The Enterprise D refit from the TNG episode "All Good Things..." on top of my rotating display stand. This is pretty much Diamond Select taking their regular Ent D and gluing a bunch of crap onto it. And it looks awesome, I gotta say. They're all really accurate to the attachments on the show version. The big ass phaser cannon on the bottom of the saucer is partitioned, so you can still perform the saucer separation like you could with the regular version. The only real issue I've found is that there is a very annoying seam at the bottom of the strut for the third nacelle, where the two pieces of the strut meet together. You can actually see it in the photo, it's a big gap. Seems like they just didn't bother screwing or gluing the two sections together. This can easily be fixed with some krazy glue though. The additions that look the best and fit most organically with the original hull are the three phaser strip attachments on top of the warp nacelles. They fit quite seamlessly and look natural.
Picked up NECA's 1/4 scale Iron Man Mark 7.
For the price (80-90 bucks), it's not bad.
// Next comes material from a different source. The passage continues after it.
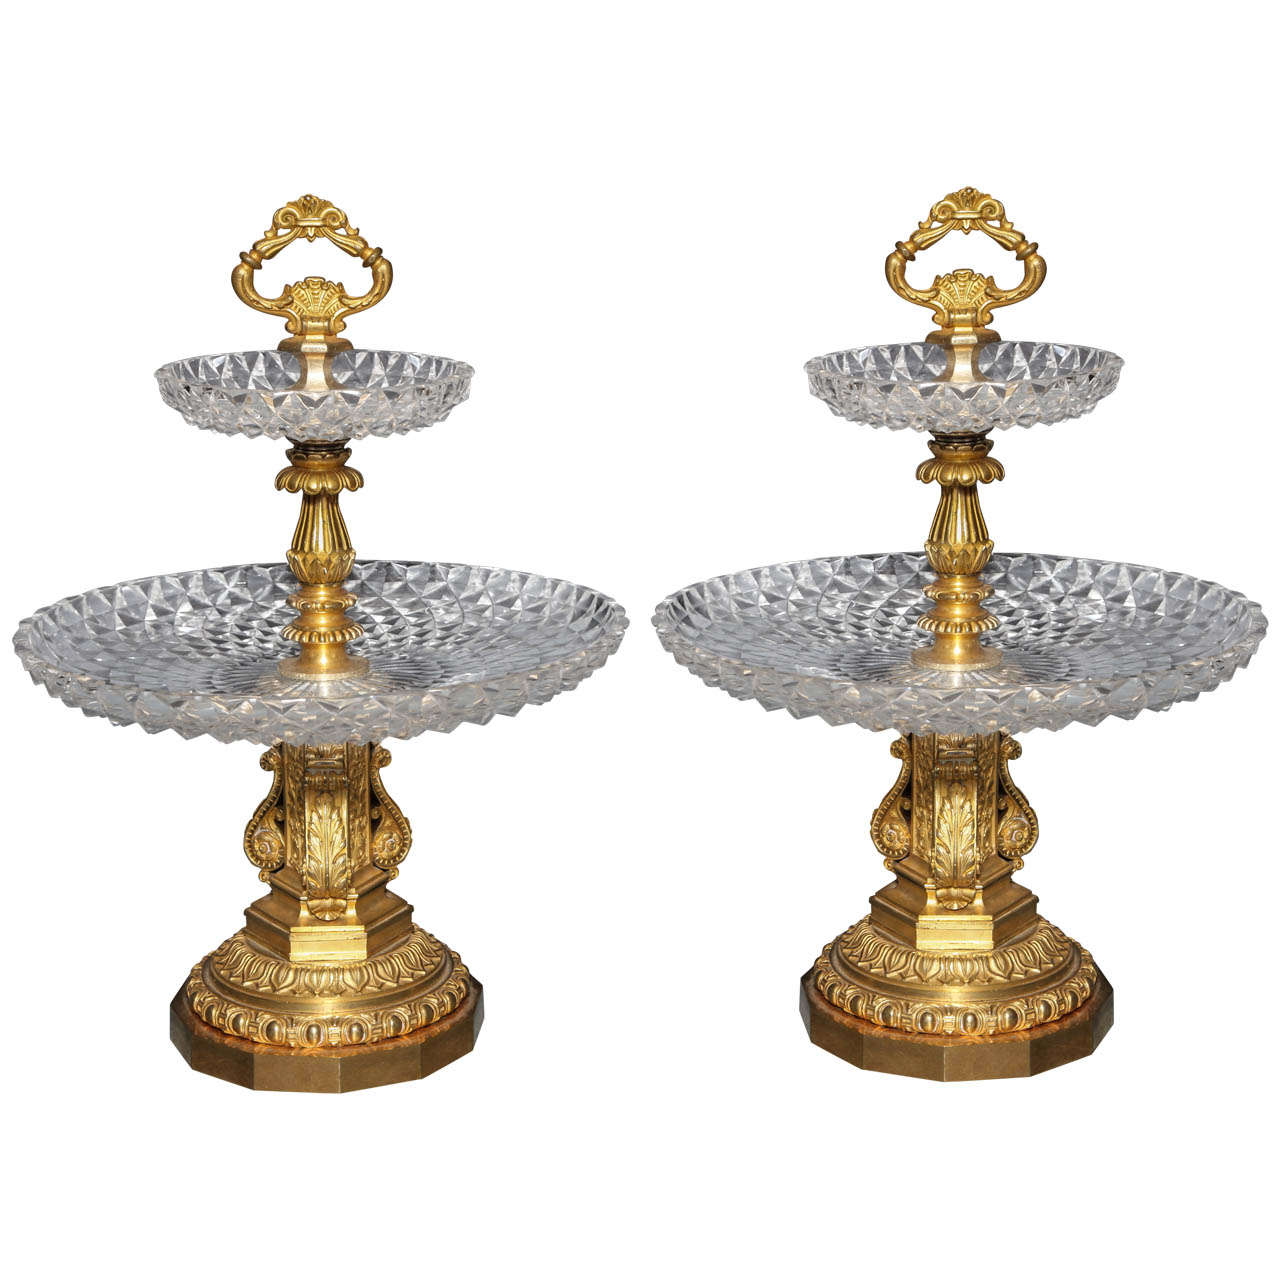 Pair of Antique French Two Tiered Tazzas or Centerpieces by P. Philippe Thomier For Sale
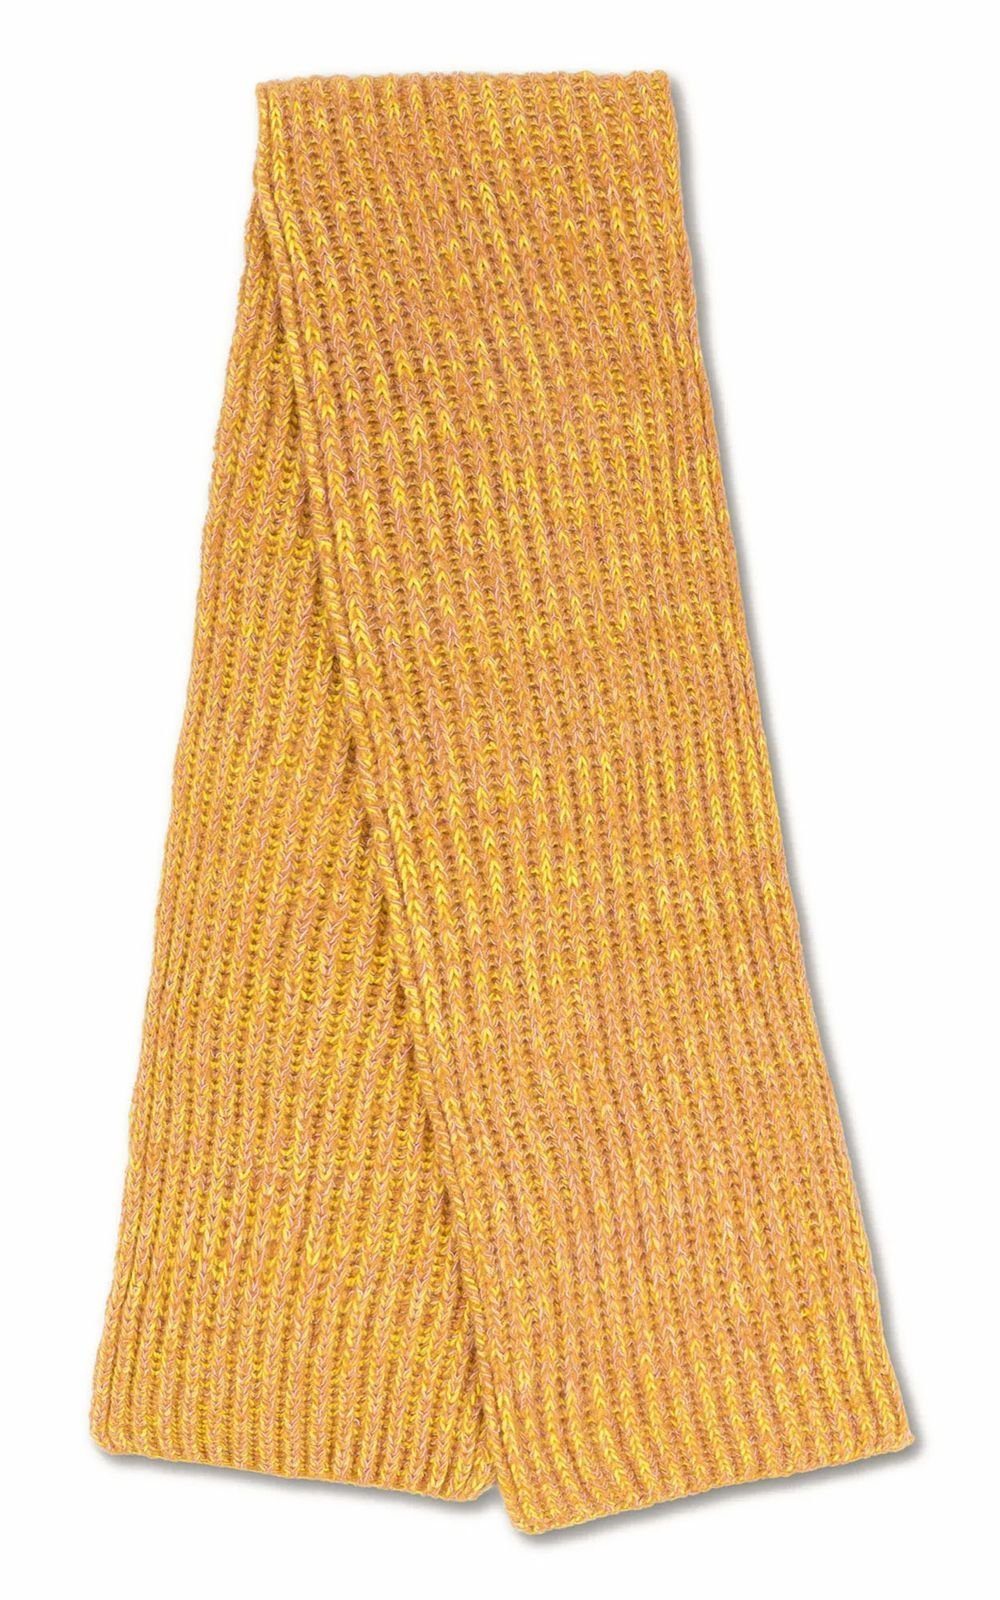 Yellow Oilily Safety Modeschal Tweed

The paint is nice and glossy, as you'd want for Iron Man. I believe the shoulder pads are actually a bit further out from the torso then on the actual suit, but I think NECA sacrificed accuracy for the added articulation.
The articulation in general is okay, but my favorite pieces are the air brakes/flaps on his back. You can actually get 3 individual flaps on each side. There's a large lower flap, an upper flap, and then a smaller gray flap on the upper flap that you can flip out. You can have them all fully opened, or even pose them in mid-deployment, like a lotus opening up.
The figure comes with two sets of hands, open repulsor-ready, or closed fists. I switched them to the fists cause that's what I prefer. But a warning, those hands really require some strength to fit all the way into the sockets. I tried my hardest and you can still see some gap between the hands and the rest of the arm. As for the hand covers, those are actually made out of flexible vinyl, so no need to worry about those getting damaged.
There's also light-up features for the eyes, chest reactor, and hands. The lit up eyes look really good in the dark:
Personally, I prefer to have just the eyes lit up, because the chest light is actually pretty damn bright and a bit overpowering.
Now, are there problems? Well, yeah... the quality control on this figure is pretty shocking. The two main problems I found on my figure are shown here:
1) The back of the helmet has chipped off and exposed the plastic. It's not just some paint that's gone either, there's some chunk of the actual helmet missing. Obviously not that noticeable when you're displaying the figure from the front, but still.
2) Look at the lower torso. Why are there three yellow strips on one side, but only two on the other side? Because the entire torso assembly is crooked. My Iron Man figure arrived with scoliosis of the spine. I've tried to straighten it out but nope, it doesn't seem to be an articulation. The torso's stuck in this curved position. Now, that doesn't mean it's that bad of a pose, as my pics show, but it would be nice to be able to have him in some other poses. As it is, my Iron Man is stuck as more of a statue.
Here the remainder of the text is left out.